Flicking on the lights, I step from behind the counter while planning all the tasks that still need doing.

If it’s not too busy, I should be able to get back on track in no time.

I turn the lock, flip the sign, and head back behind the counter. Yes, I’ve burned my finger, and I’m running on next to no sleep, and yes I have a wiked hangover that seems to be trying to kill me, but it’s nothing a nice, strong mug of coffee can’t fix.

I turn on the hot water and start to grind the beans when a customer comes in. “Just a minute,” I call over my shoulder. Breathing in the heavenly scent of freshly ground coffee.

“No rush,” a familiar, deep voice says from behind me. “Take your time.”

I bite my lip and gently rest my forehead against the coffee machine. I know that voice. I’ve been dreaming about that voice all night. And even though, the thought of seeing Colt again has me all hot and bothered, I wish he hadn’t turned up so early when I’m feeling and looking like a regurgitated burrito.

“Colt,” I say, finally bringing myself to turn around and look at him.

My heart drops to my stomach. If I thought he looked good last night in his uniform, it’s nothing compared to what he looks like now.

It’s almost insulting.

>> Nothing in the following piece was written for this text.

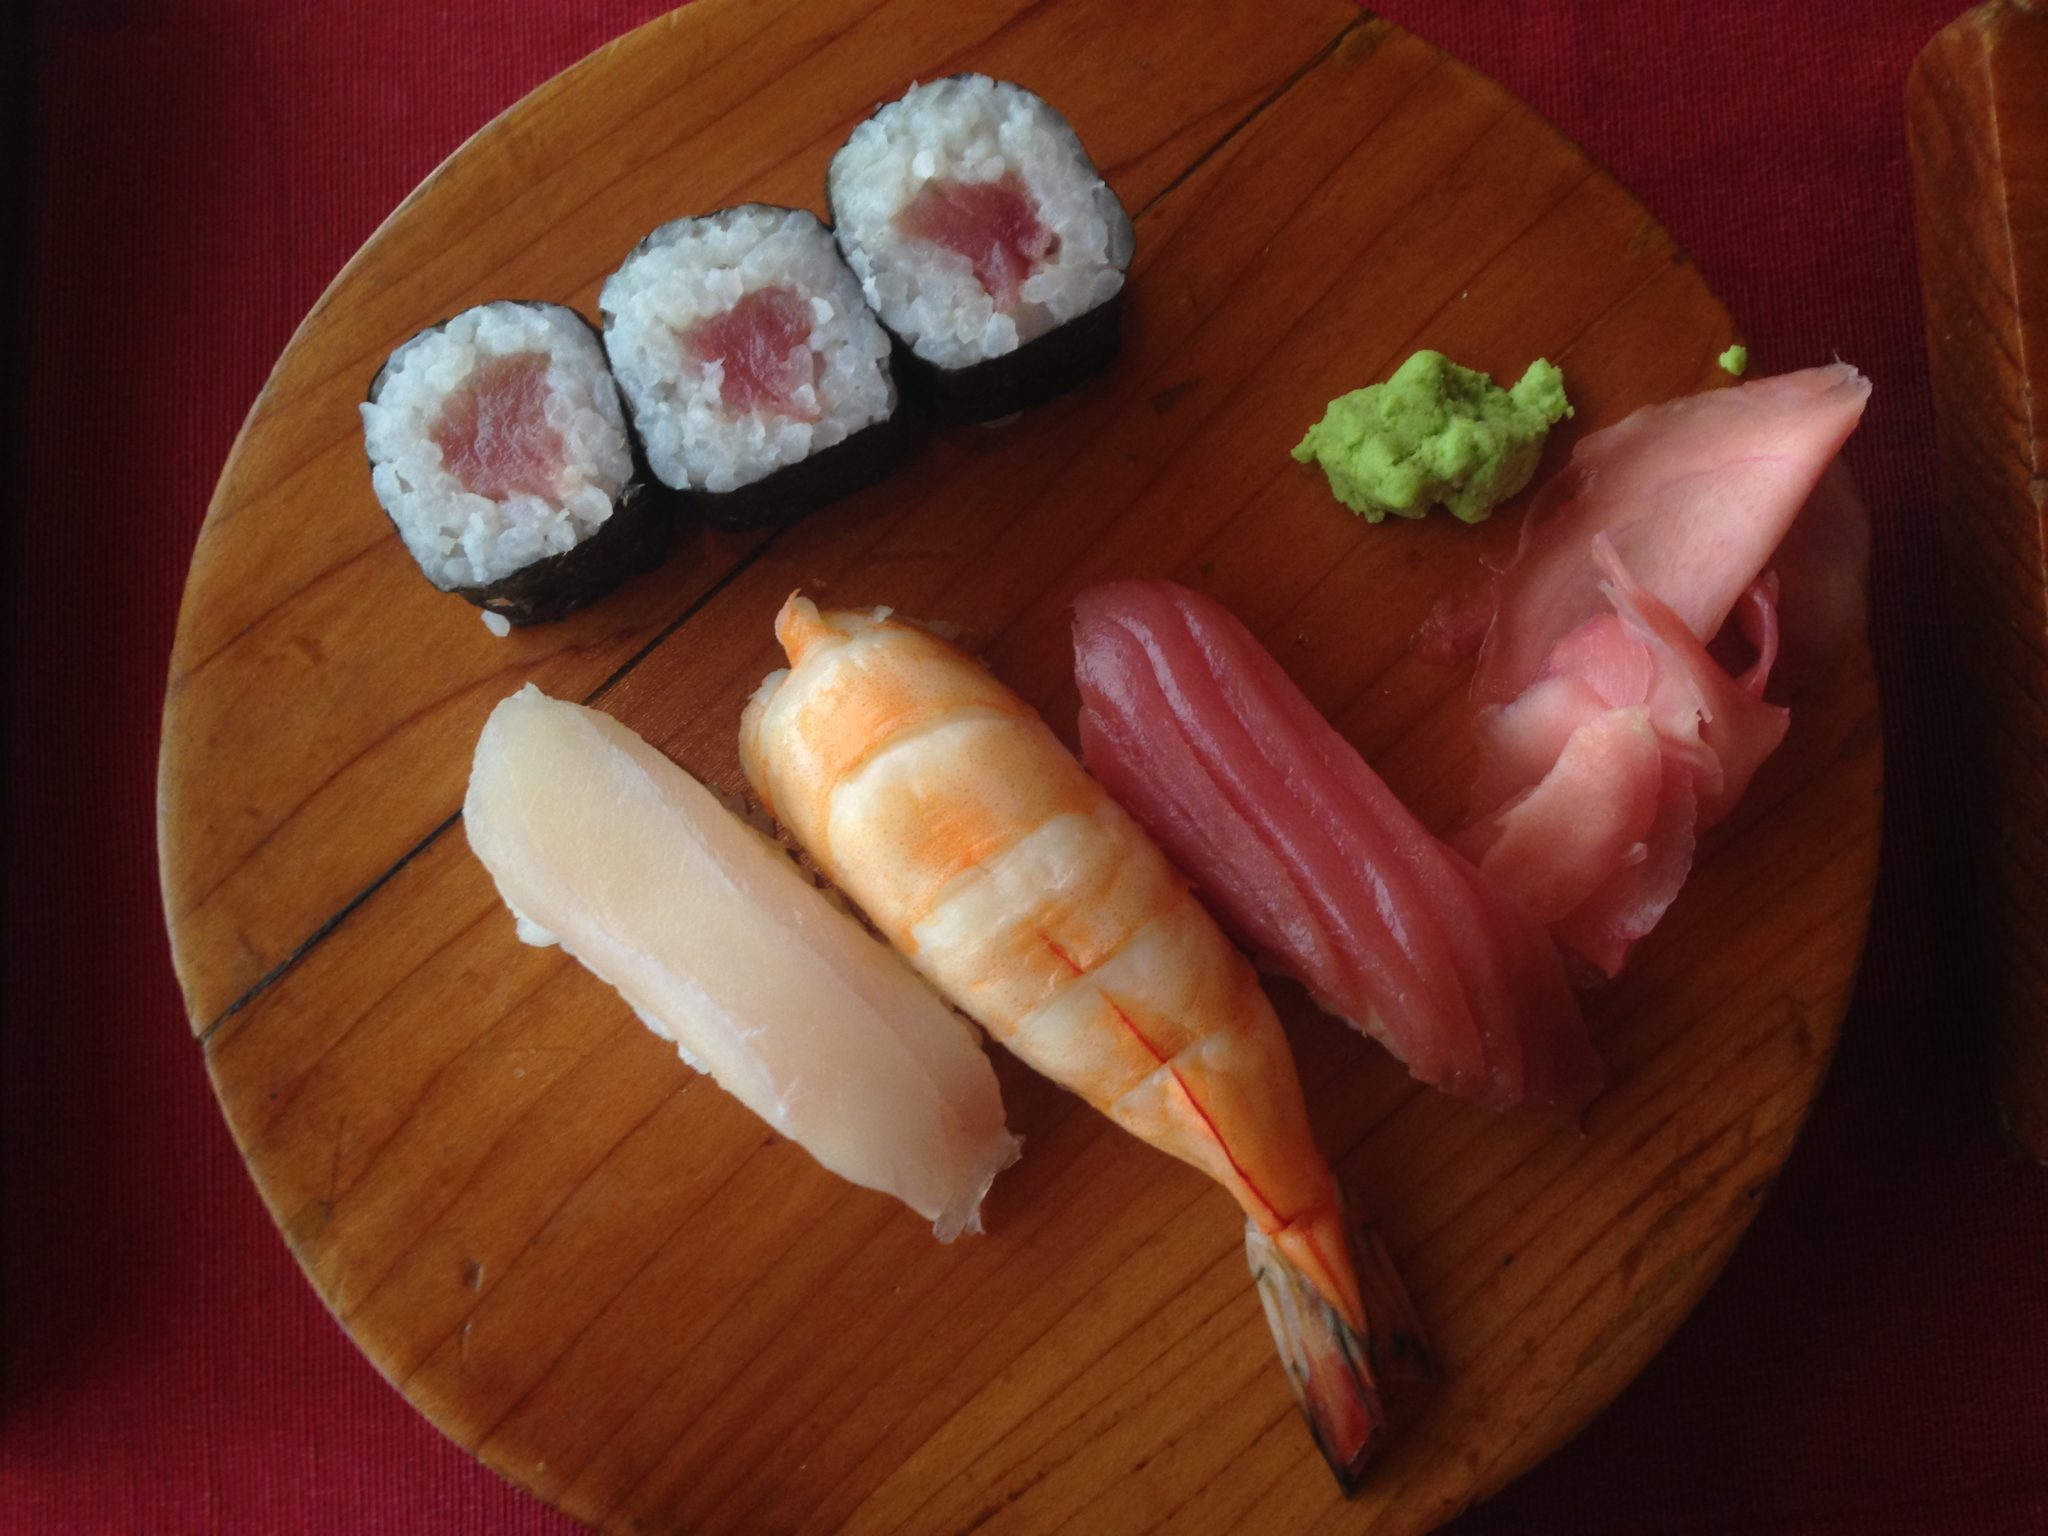 Sushi Moriawase plate, including tuna roll and nigiri, at Fujiyama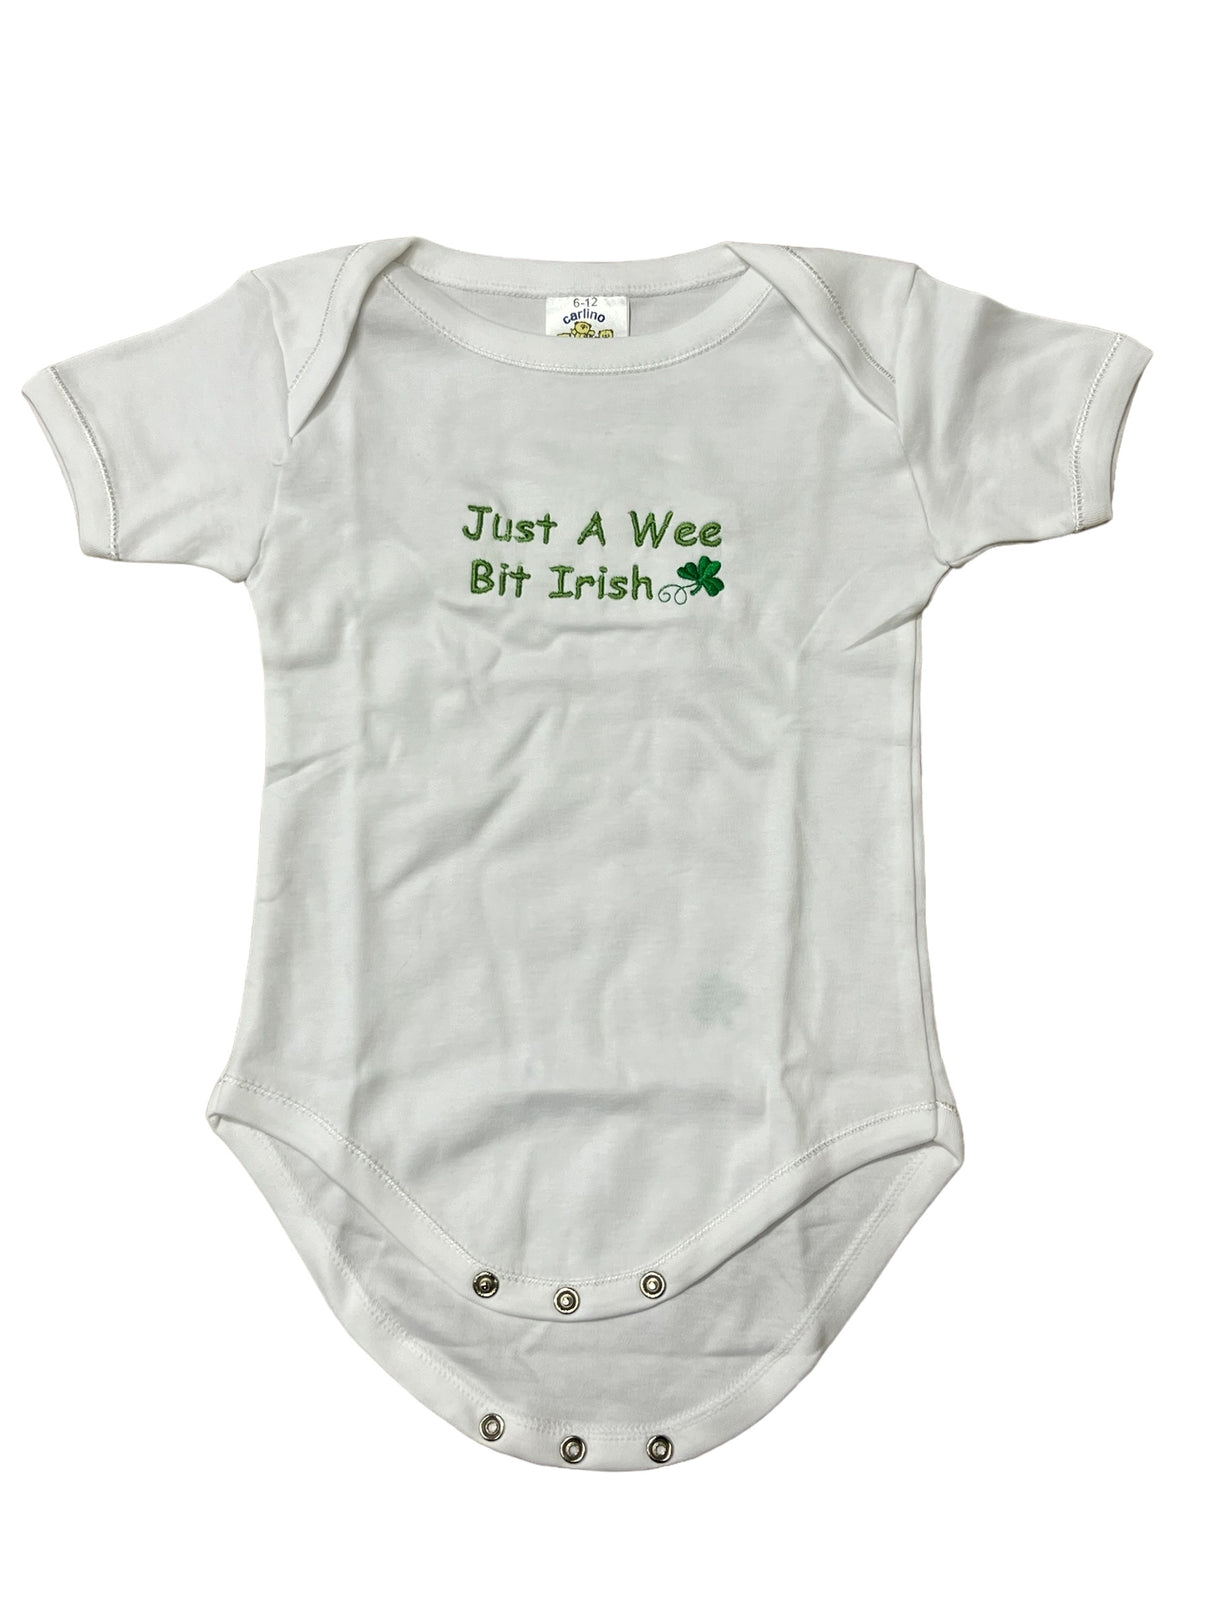 Just A Wee Bit Irish Baby Romper

What kind of person looks this good this early in the morning?

“What can I do for you?” I manage, my words escaping my mouth in a frog-like croak. “It’s not about last night, is it? Do I need to sign something? Or give another statement?”

He leans on the counter and looks me up and down. His eyes linger on my chest a second or two too long. I want to throw myself at him. Feel his huge, strong hands caress my body.

“No,” he says, “this is more of a personal visit.”

“Personal?” I gulp, taking a step towards him. My legs tremble. I’ve been fantasizing about this moment all night. Could my dreams be coming true?

“I was hoping I could buy you dinner,” he says. "That is... if you don't have a boyfriend?"

“Dinner?”

He smiles at me, and I mentally facepalm myself. It’s like my brain has crashed. All I can do is hopelessly repeat words he’s just said.

"Boyfriend?"

I want to come off as devilishly sexy. But instead, I’m acting like a total idiot.

Although, in my defense, it’s not every day a drop-dead handsome man walks into my bakery and asks me out. In fact, it's literally never happened.

“Saturday night?” he says, “around eight?”

“Shit!” I say, immediately covering my mouth with my hand. I didn’t mean to say that out loud. My cheeks start to burn, and when I look in the mirror to my side, I’m so red I look like a giant tomato. “I mean… I can’t do Saturday. It’s my sister’s wedding. Unless….” The words catch in my mouth. I can’t believe I’m about to say this. It’s madness. I’ve only just met the man. “You want to be my date?”

“To your sister’s wedding?” he asks uncertainly.